Despite the small difference, Gemini does not justify scathing reviews. Considering Google’s late entry into the AI race, the tech giant has made great strides to catch up, if not surpass, his one of the most serious competitors in the AI field. I accomplished that.
If anything, Google deserves more criticism for the way it produced Gemini’s demo video. It reduces its latency, truncates its model output for brevity, and uses audio overlays to (misleadingly) communicate Gemini as an all-around powerful AI with real capabilities. Response time to user inquiries. That’s good, but still not that good.
height=”278″ Frameborder=”0″ allowedfullscreen=”allowfullscreen” data-ytbridge=”vidSurrogate2″>
big picture
Unless you are an expert in AI or a related field, benchmark test results may look mediocre and provide little insight beyond identifying which models are better at a particular task.
That’s perfectly fine, because a benchmark is just a benchmark. After all, the true test of Gemini’s capabilities (or any other AI model, for that matter) comes from everyday users like you, who use Gemini to brainstorm ideas, find information, write code, and more. It should be done.
From this perspective, Gemini is pretty cool, but not revolutionary, at least not yet.
Gemini has an advantage over GPT-4 because in addition to the information it can collect from the Internet, it also has access to information from widely used search engines. OpenAI primarily works with the latter. Furthermore, in the case of semi-analysis, Claim If proven accurate, Gemini could leverage significantly more computing power than GPT-4 thanks to Google’s easy access to top-tier chips. Gemini’s excellent results on the MMLU/MMMU benchmark become even less surprising when viewed against this background.
There are often bigger, better questions that need answering about more important aspects of your AI model. For example, are Geminis less prone to hallucinations and fabrications, like most current Large Language Models (LLMs), or are they more immune?
Google is eager to impress with Gemini, but even the company is quick to temper expectations. Demis Hassabis, co-founder and CEO of Google DeepMind, said: Said wired “LLM needs to be combined with other AI techniques to provide AI systems that can understand the world in ways that chatbots today cannot.”
Hassabis is probably right. What he was hinting at was general artificial intelligence, AGI for short. This is something that major companies are clearly aware of and are actively working on developing. OpenAI Breakthrough In this respect, the project has since been called Q* (Q Star).

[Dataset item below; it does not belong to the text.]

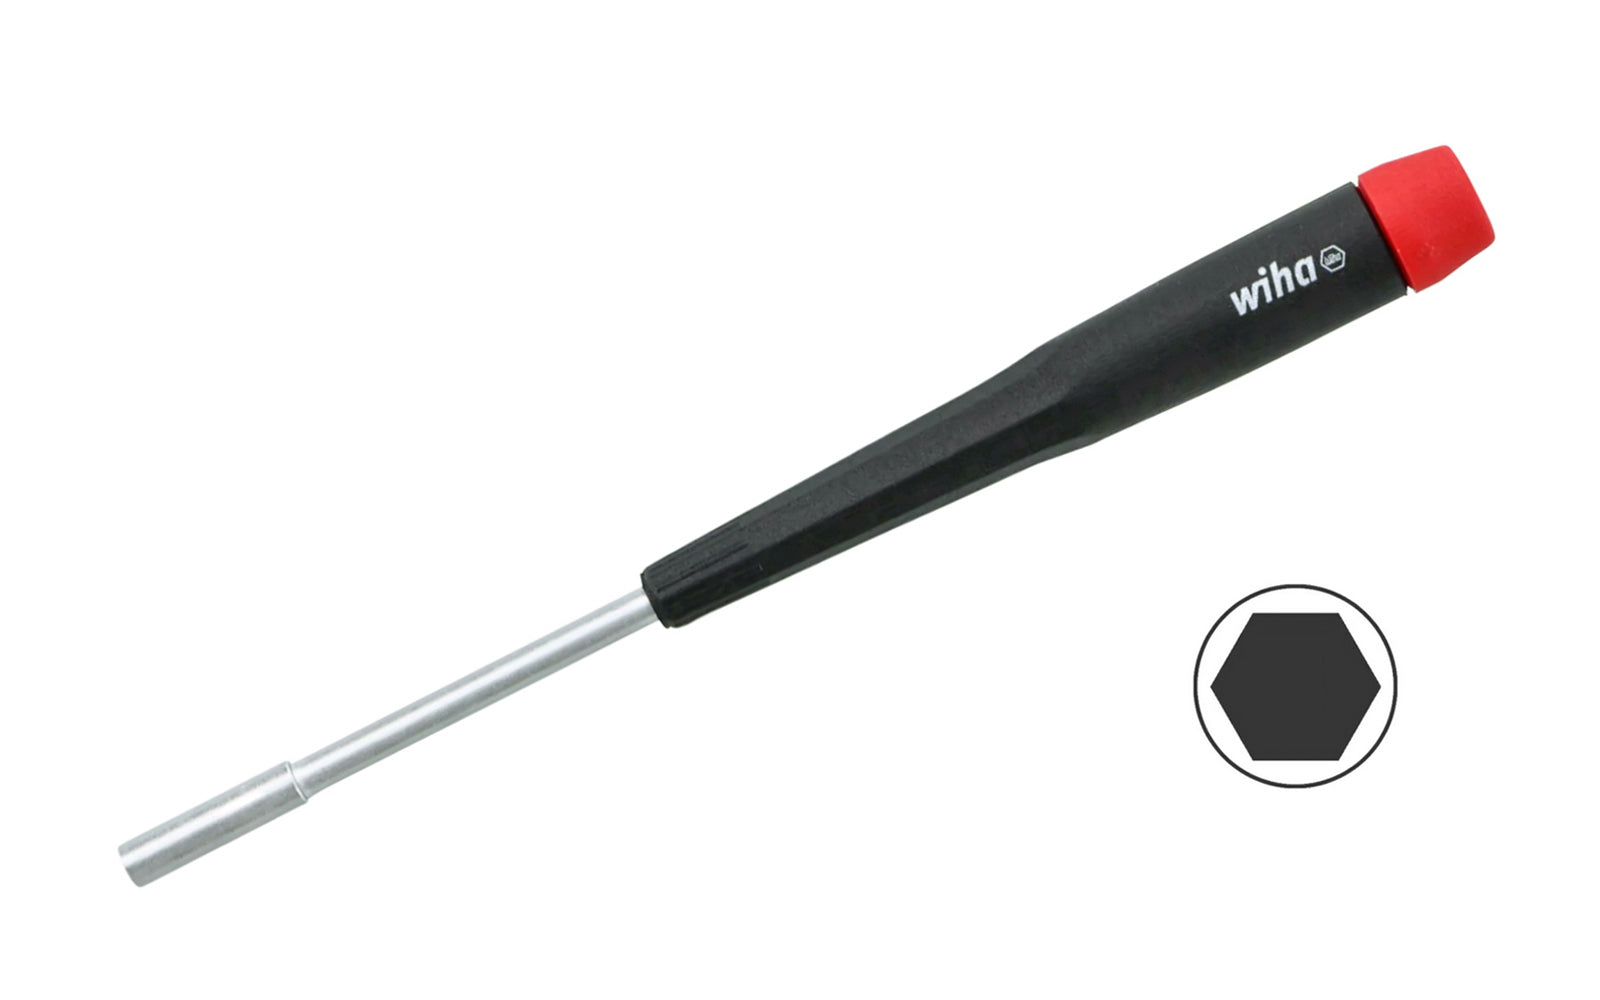 A high quality Wiha precision metric nut driver made out of hardened CRM72 tool steel. The classic precision style screwdriver has a hex profile finger grip for precise torque, a tapered handle, & a smooth-turning cap for rapid rotation. Precision Nut Driver Screwdriver.   Made in Germany.

As more AI companies enter the fray and introduce new LLMs and related technologies, achieving AGI seems inevitable, but the timeline may be too long for the tastes of enthusiasts and innovators. there is.
After OpenAI introduced ChatGPT to great acclaim, even initially satisfied Google entered the AI race. The response, first at Bird and now at Gemini, may not be groundbreaking, but it illustrates how latecomers can close the gap through concerted efforts. If anything, this should be a major revelation and the biggest takeaway for other AI companies looking to catch up with the big players.